Data excerpt
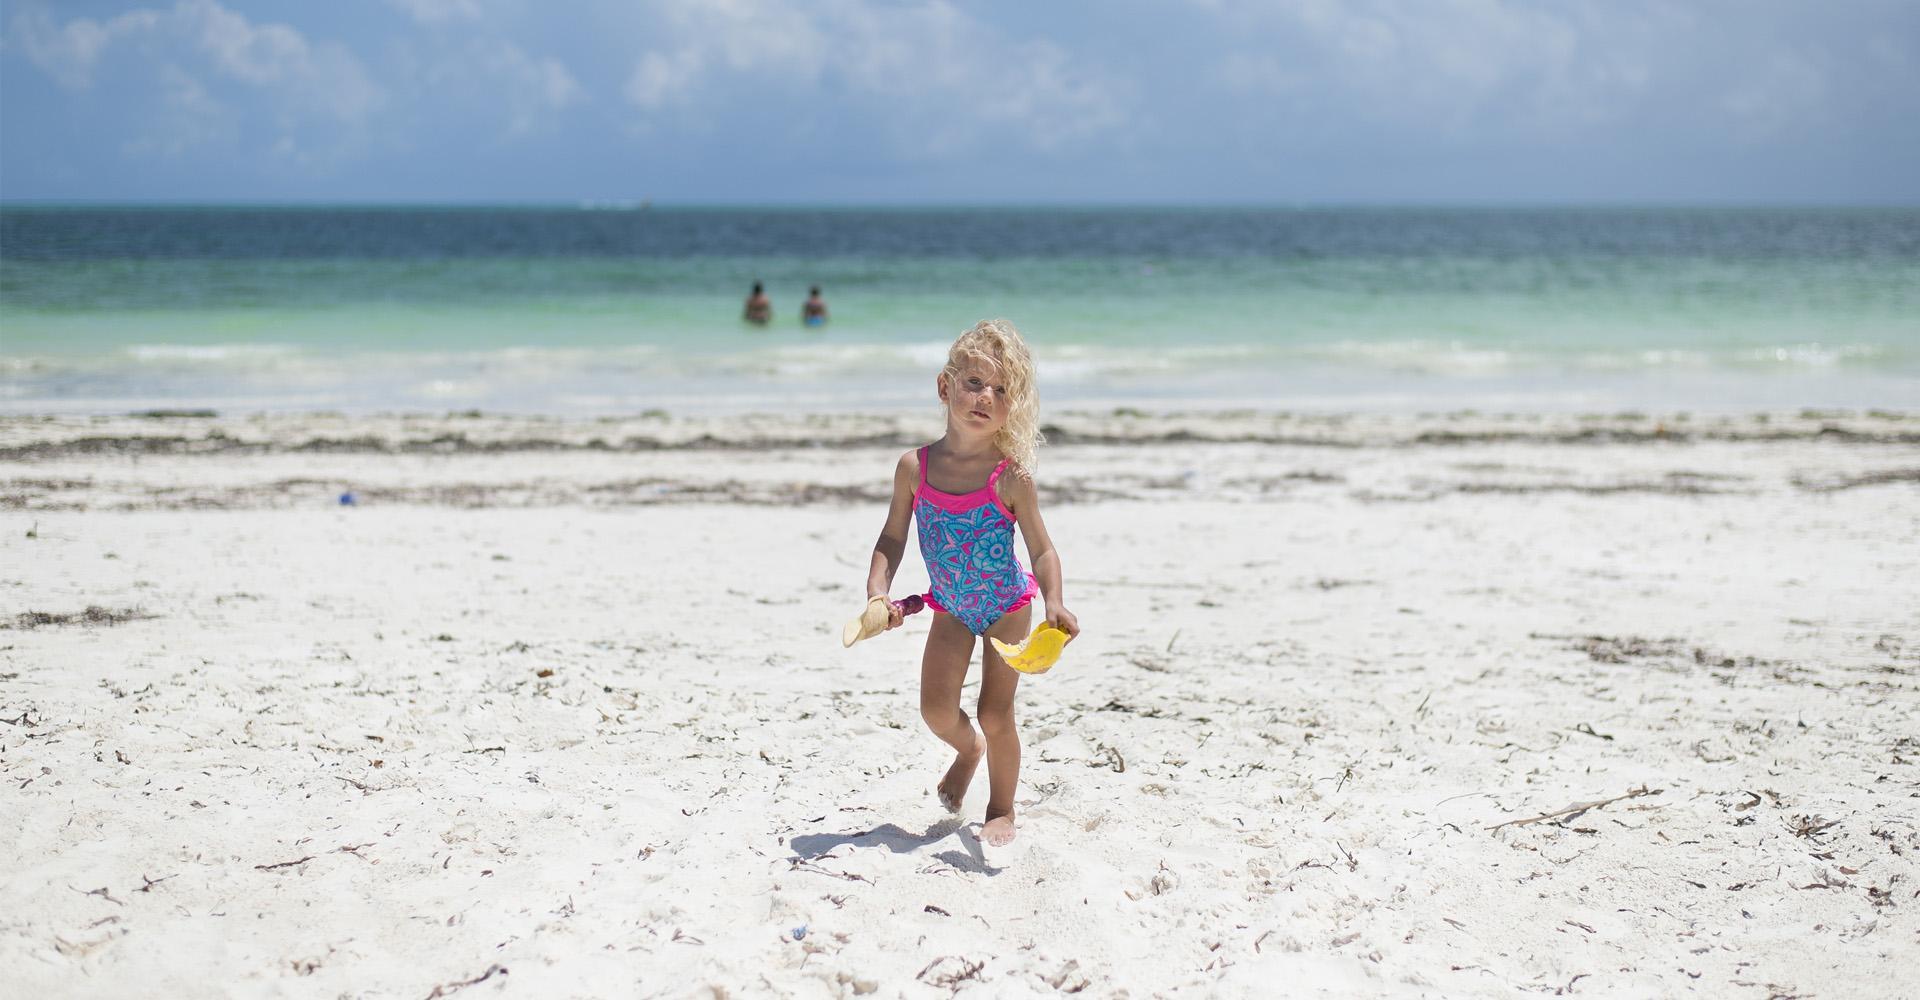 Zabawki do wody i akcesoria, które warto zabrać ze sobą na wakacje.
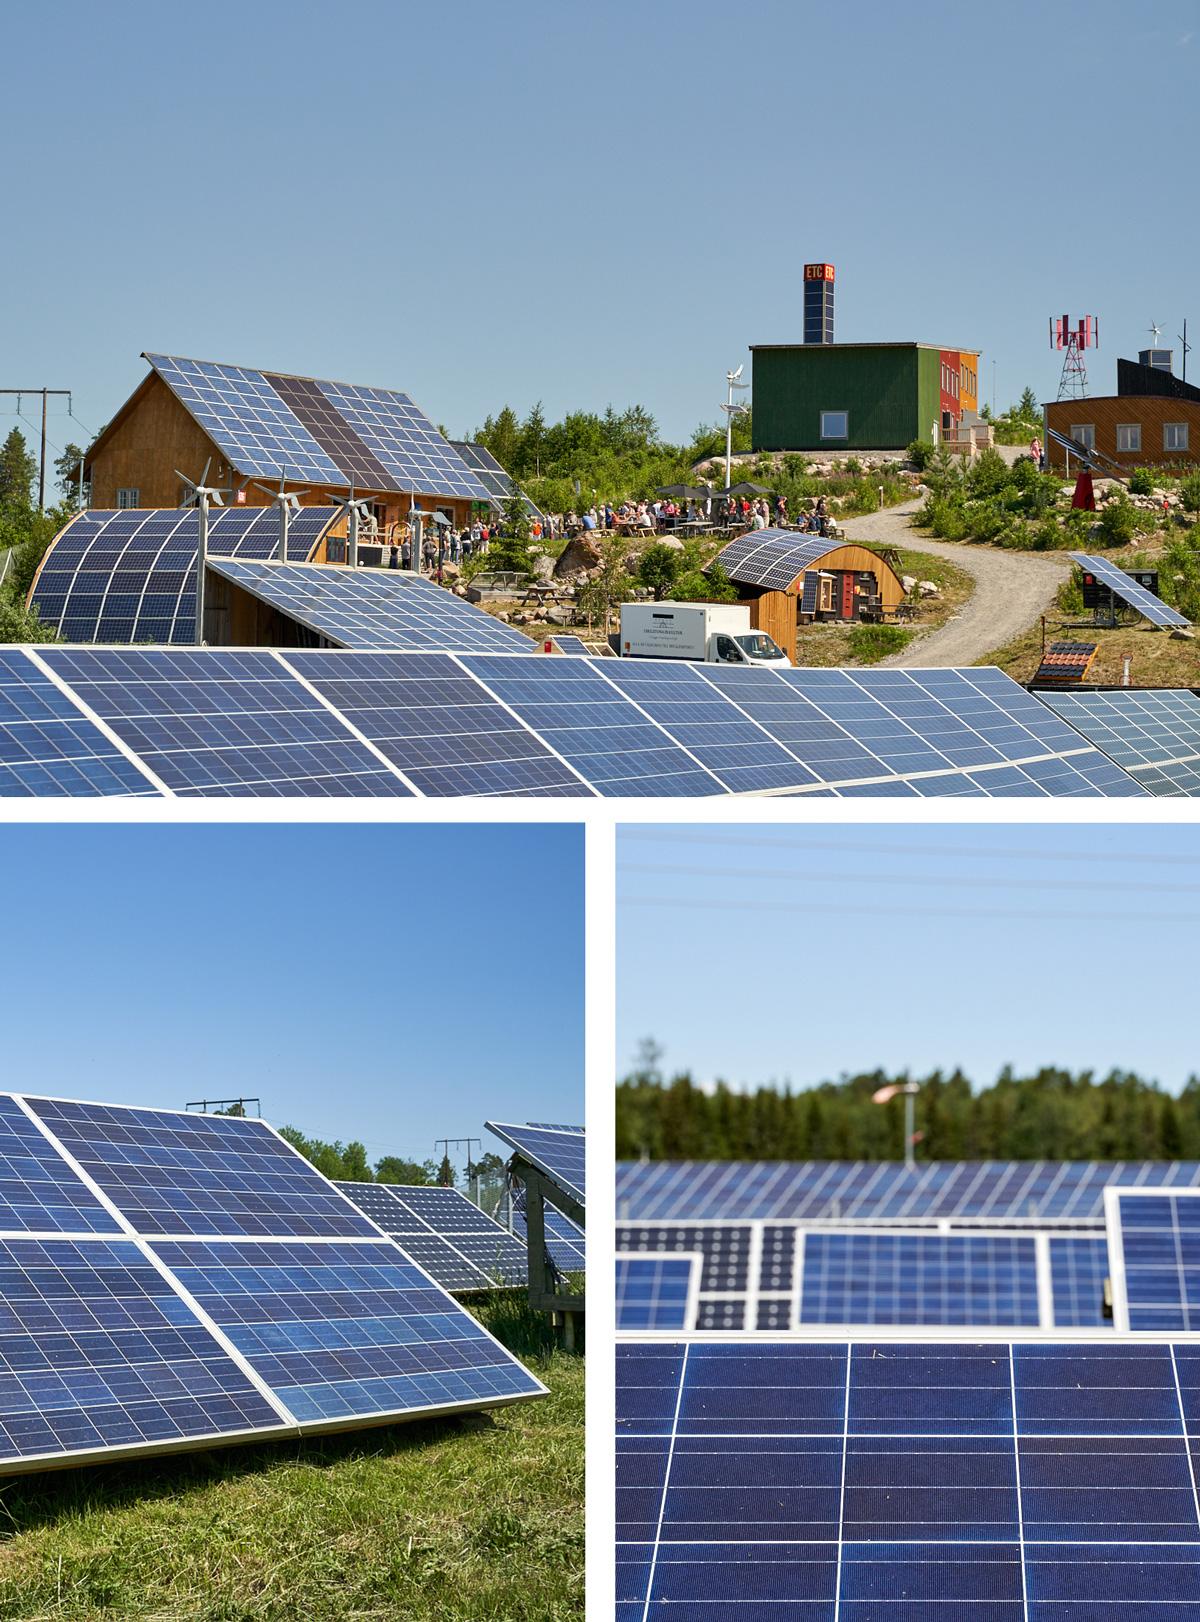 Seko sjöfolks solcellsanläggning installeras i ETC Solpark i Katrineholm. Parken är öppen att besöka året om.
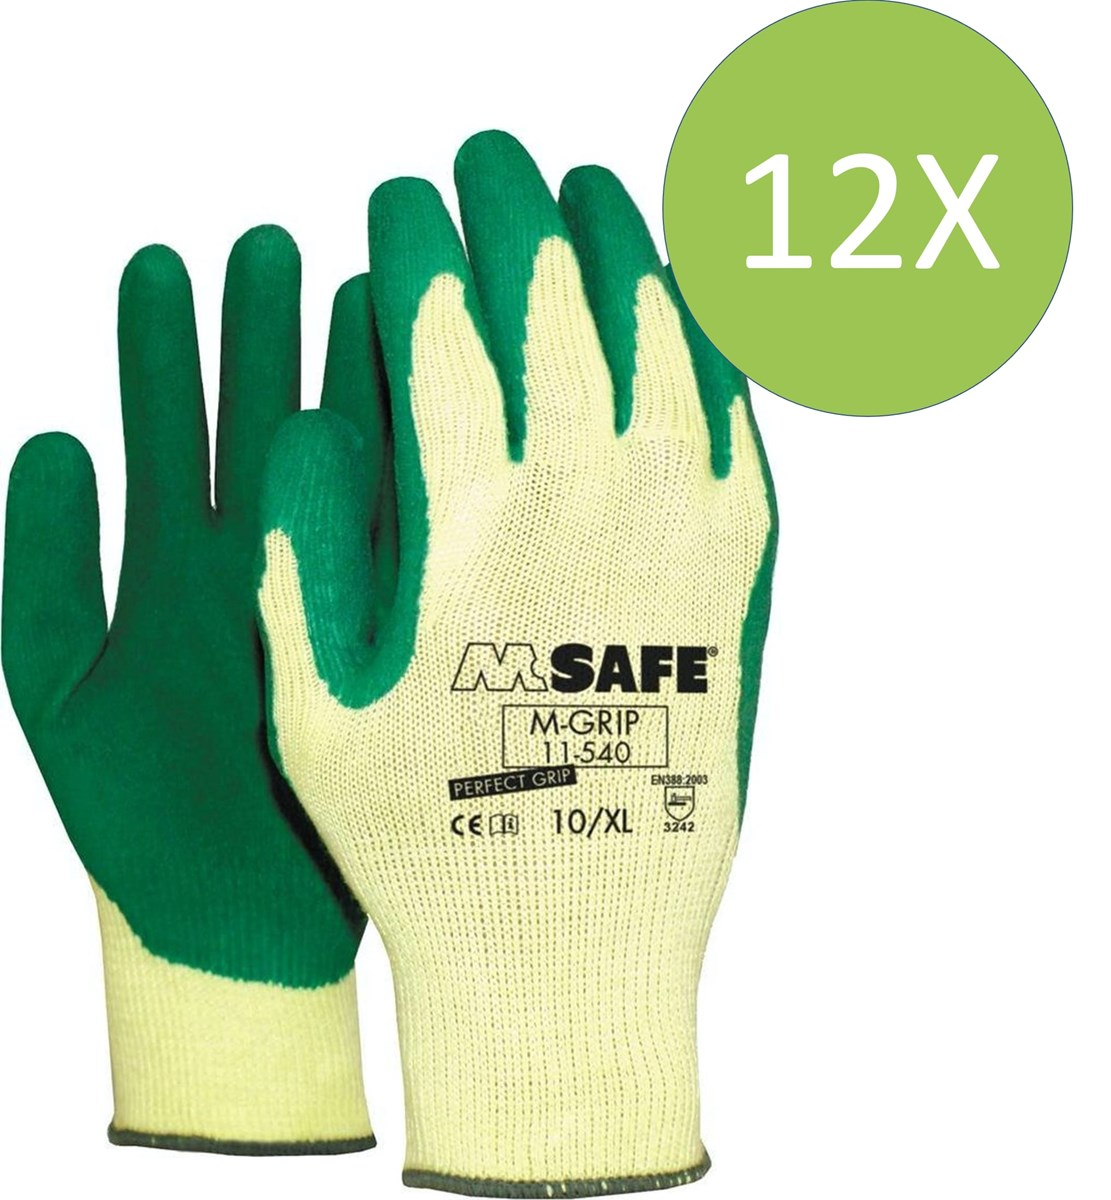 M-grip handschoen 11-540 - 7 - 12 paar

About this task
From the first line to the last, output the data exactly; skip any pictures.

Answer for this exercise
 Zabawki do wody i akcesoria, które warto zabrać ze sobą na wakacje.
 Seko sjöfolks solcellsanläggning installeras i ETC Solpark i Katrineholm. Parken är öppen att besöka året om.
 M-grip handschoen 11-540 - 7 - 12 paar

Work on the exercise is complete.